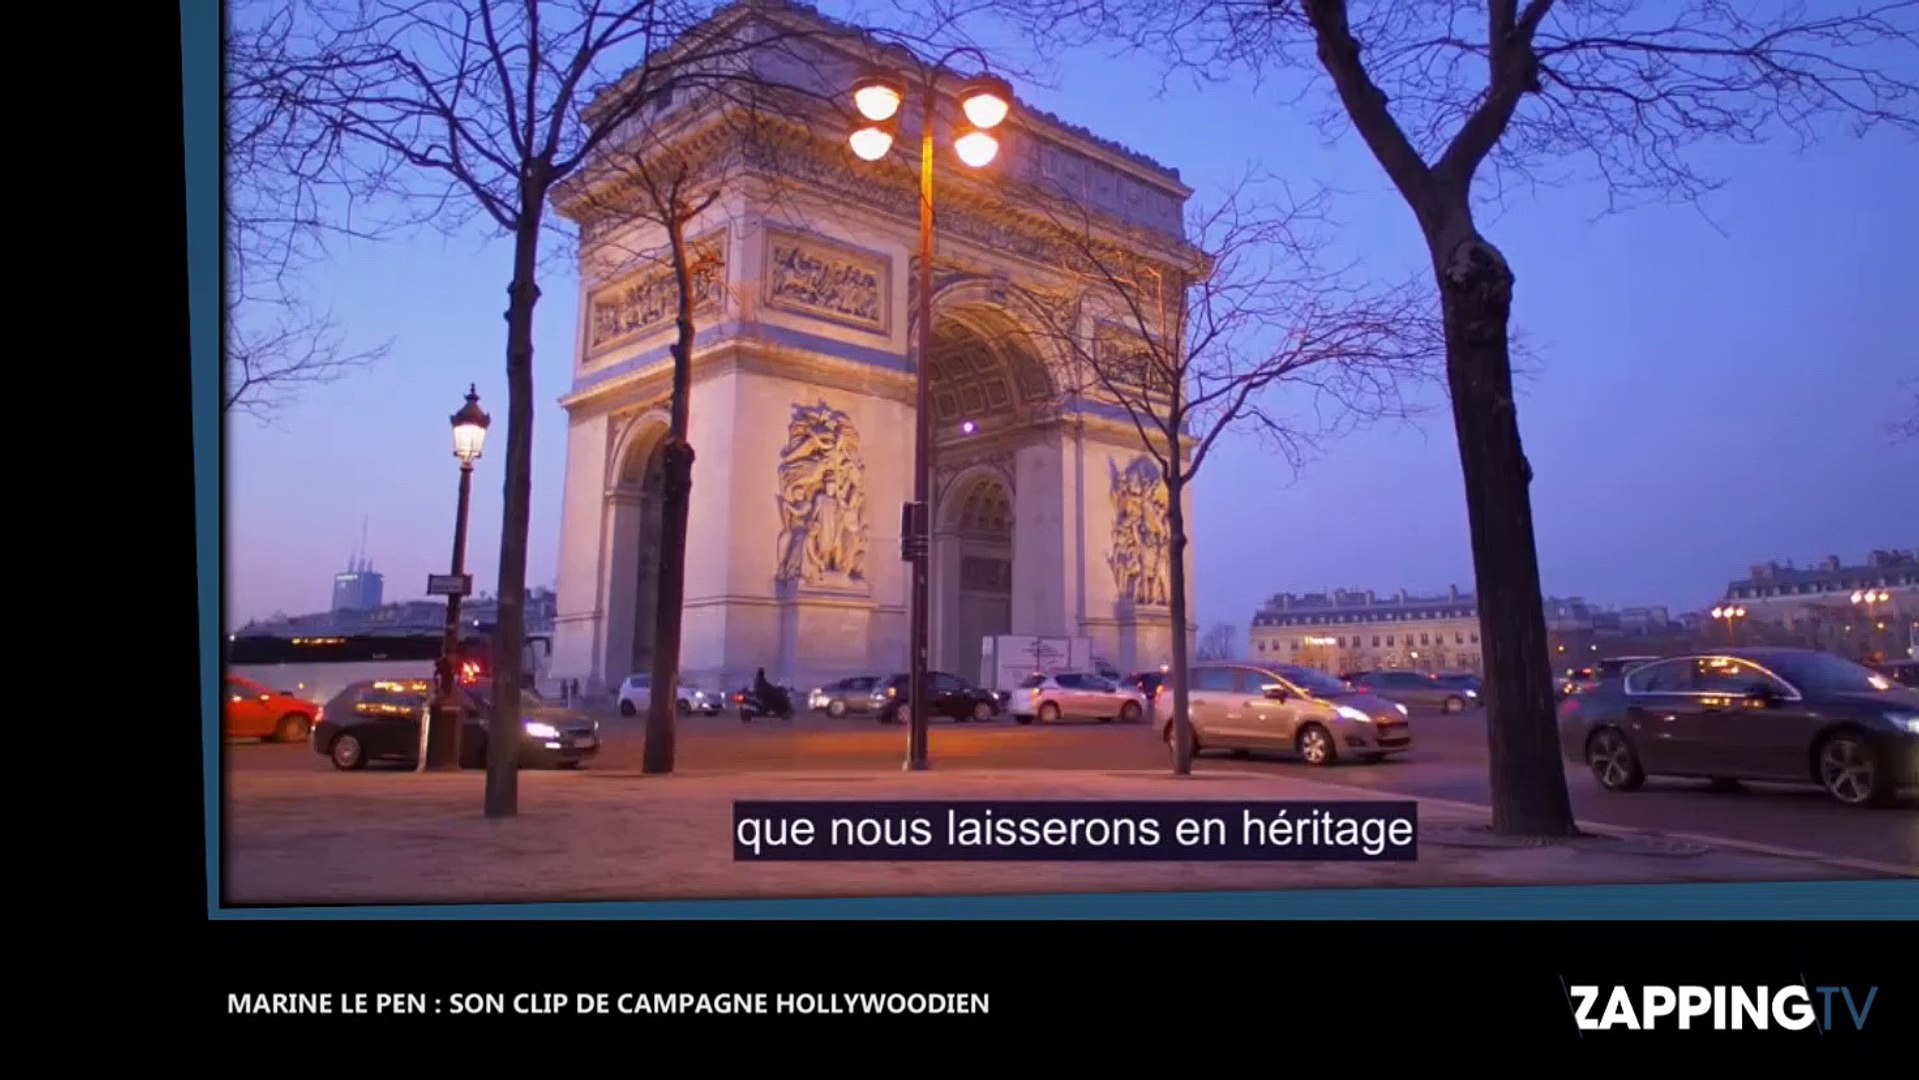 Marine Le Pen : son clip de campagne "hollywoodien" fait le buzz (vidéo) -  Vidéo Dailymotion
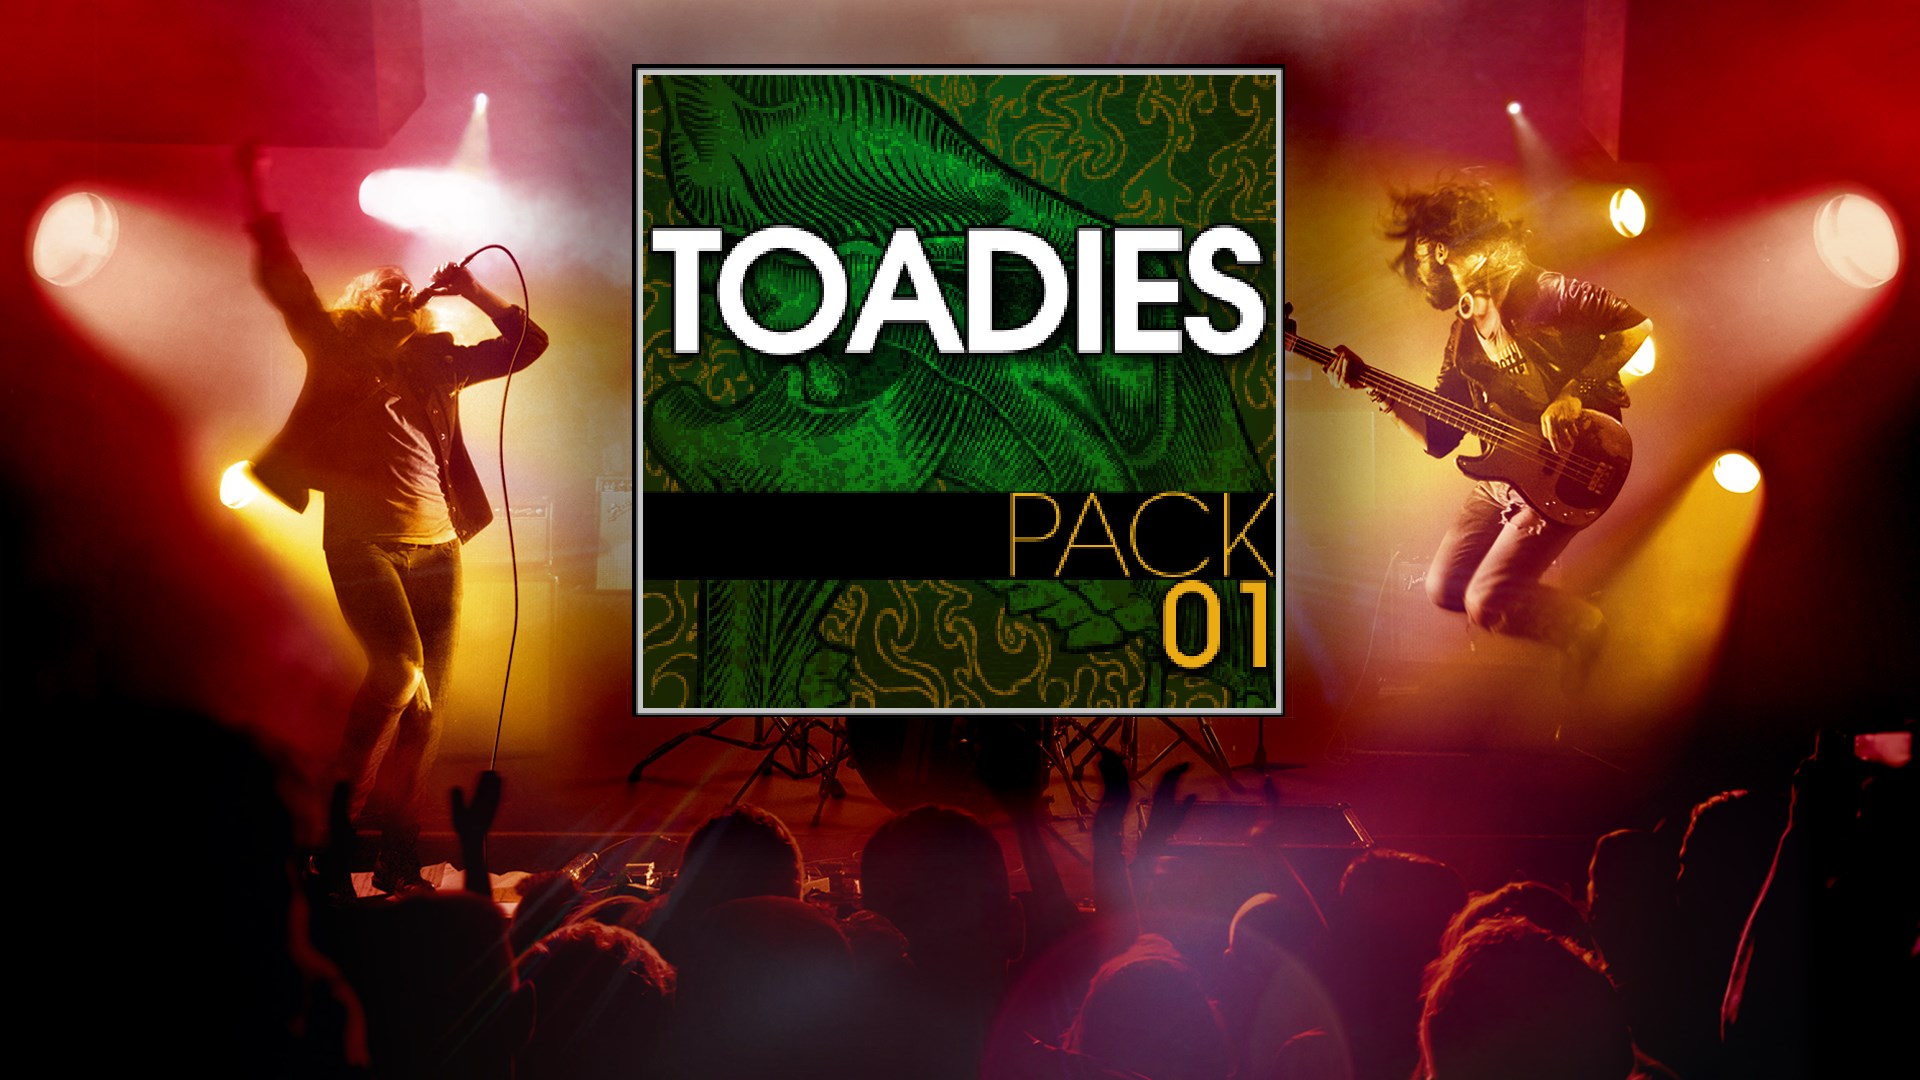 Buy Toadies Pack Microsoft Store
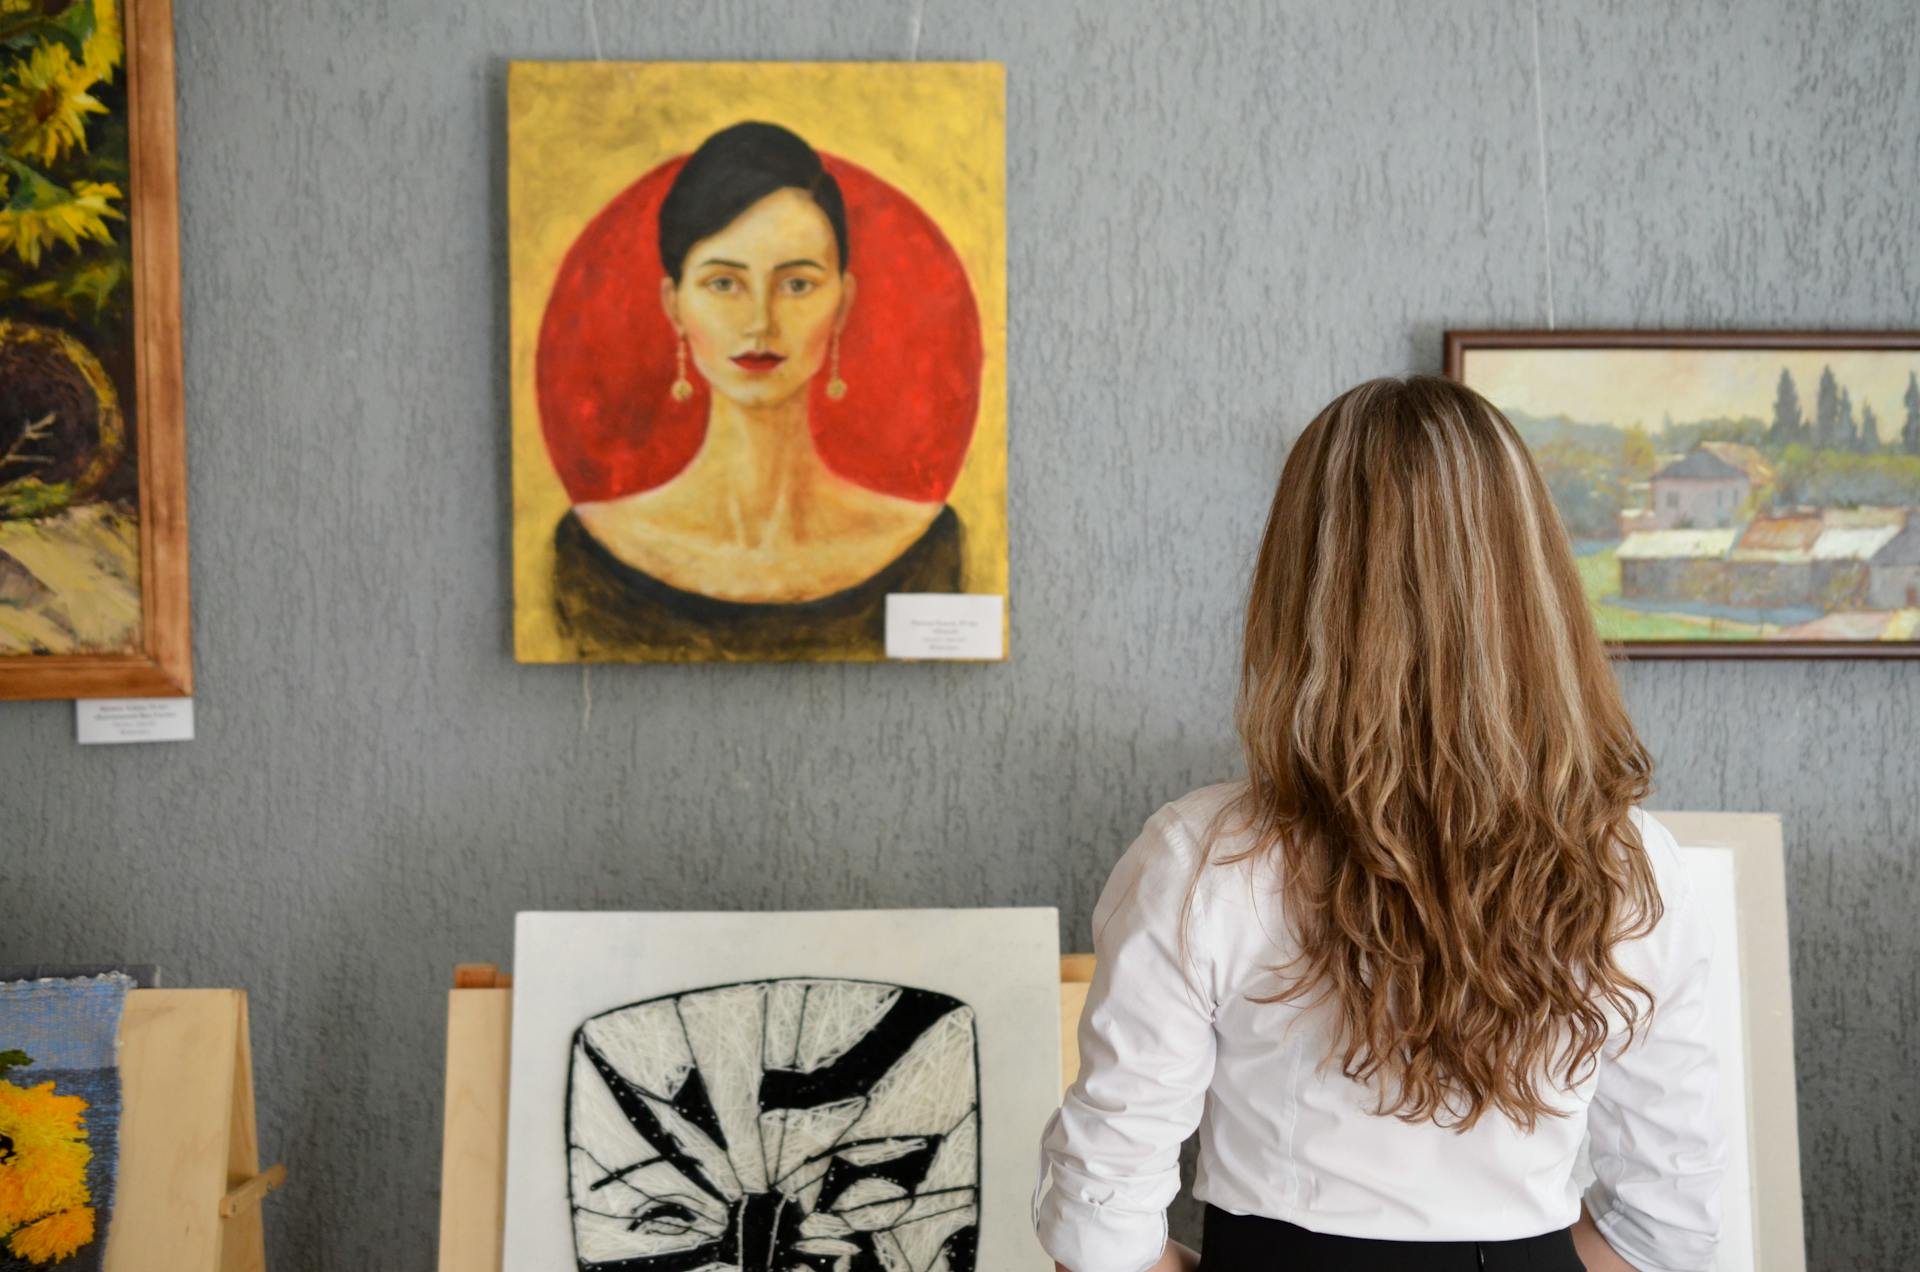 Une jeune femme regarde des peintures exposées sur un mur | Source : Pexels

## THE TASK
Lines from the one with "Buy Toadies Pack Microsoft Store" through the final line of the listing above: copy them exactly, both ends included, and omit every picture.

## SOLUTION
 Buy Toadies Pack Microsoft Store
 Une jeune femme regarde des peintures exposées sur un mur | Source : Pexels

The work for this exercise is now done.